CoCoCo: Improving Text-Guided Video Inpainting for Better Consistency, Controllability and Compatibility
Bojia Zi, Shihao Zhao, Xianbiao Qi, Jianan Wang, Yukai Shi, Qianyu Chen, Bin Liang, Kam-Fai Wong, Lei Zhang
TL;DR
CoCoCo tackles inconsistencies and weak text-video alignment in text-guided video inpainting by introducing a motion capture module with damped global attention and textual cross-attention, an instance-aware region selection strategy grounded by GroundingDINO, and a task-vector based adaptation to plug personalized T2I models into a latent-diffusion inpainting framework. Built on a UNet diffusion backbone with a frozen spatial block and a trainable motion module, it operates on latent representations encoded by a VAE and supports integration of user-specific models for personalized content in the masked regions. Evaluations on WebVid-10M demonstrate improved motion consistency, textual controllability, and compatibility with personalized models, outperforming several baselines in background preservation and temporal coherence and achieving competitive text alignment.
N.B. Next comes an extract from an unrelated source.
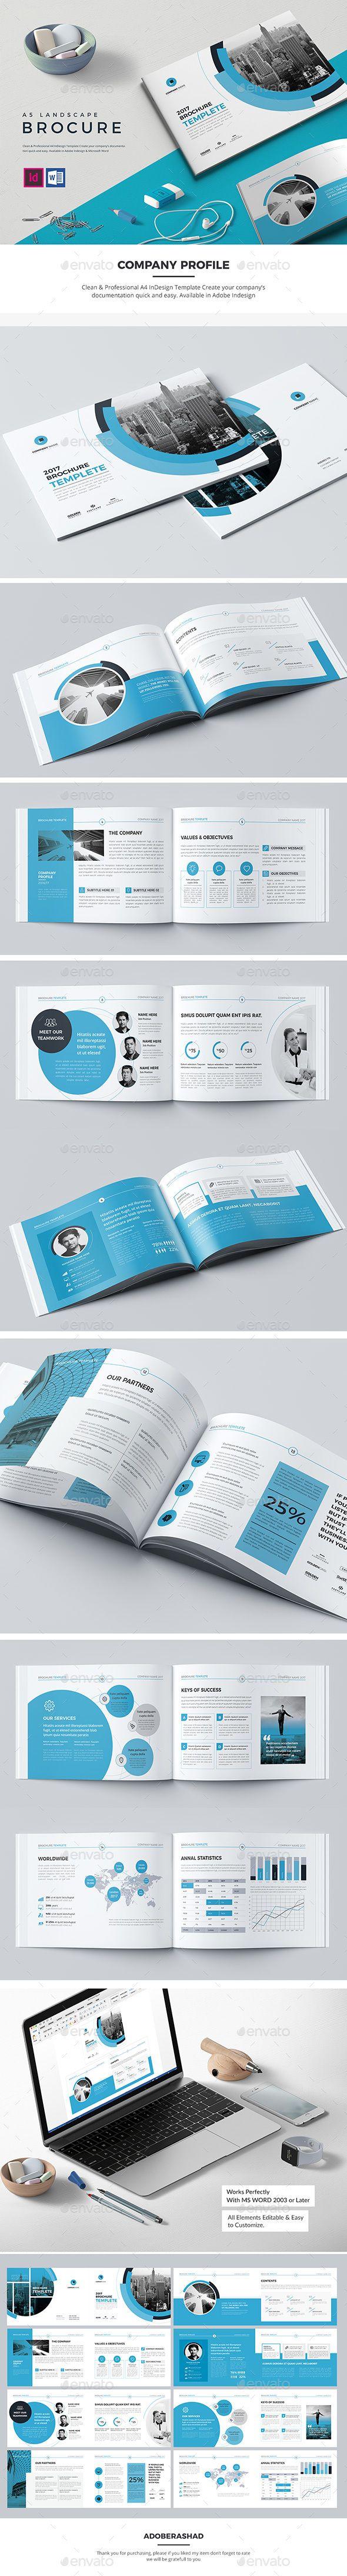 Co Landscape Brochure Template InDesign INDD - 16 Pages
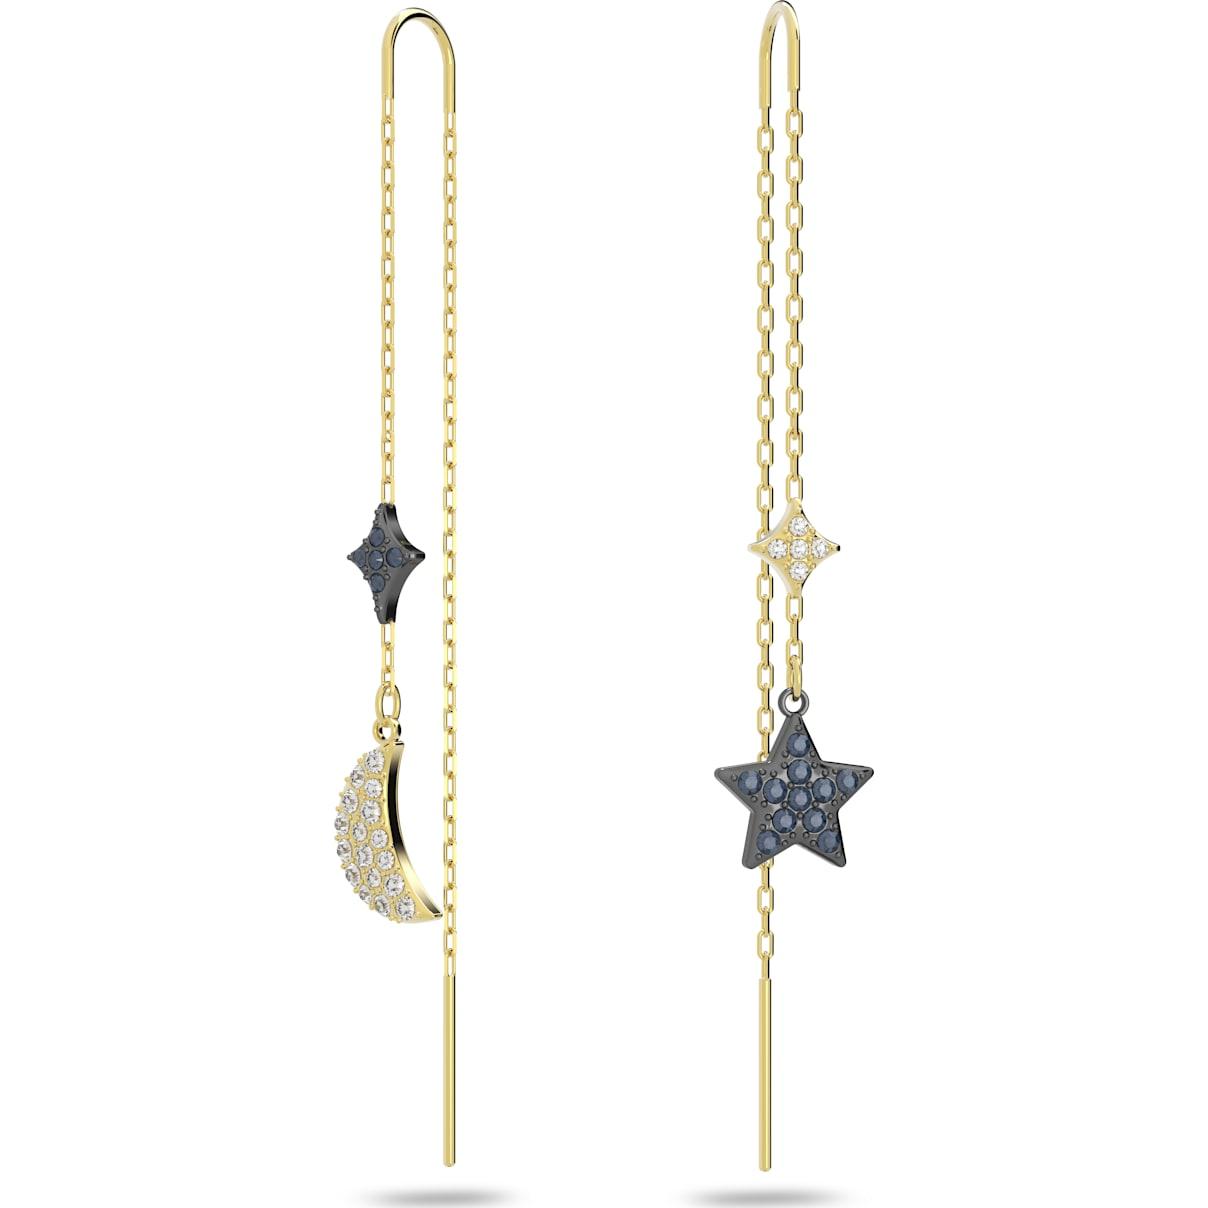 Swarovski Swarovski Symbolic Moon Pierced Earrings, Teal, Mixed metal finish

The work offers practical, modular components that enhance the reliability and customization of text-guided video inpainting for real-world use.
Abstract
Recent advancements in video generation have been remarkable, yet many existing methods struggle with issues of consistency and poor text-video alignment. Moreover, the field lacks effective techniques for text-guided video inpainting, a stark contrast to the well-explored domain of text-guided image inpainting. To this end, this paper proposes a novel text-guided video inpainting model that achieves better consistency, controllability and compatibility. Specifically, we introduce a simple but efficient motion capture module to preserve motion consistency, and design an instance-aware region selection instead of a random region selection to obtain better textual controllability, and utilize a novel strategy to inject some personalized models into our CoCoCo model and thus obtain better model compatibility. Extensive experiments show that our model can generate high-quality video clips. Meanwhile, our model shows better motion consistency, textual controllability and model compatibility. More details are shown in [cococozibojia.github.io](cococozibojia.github.io).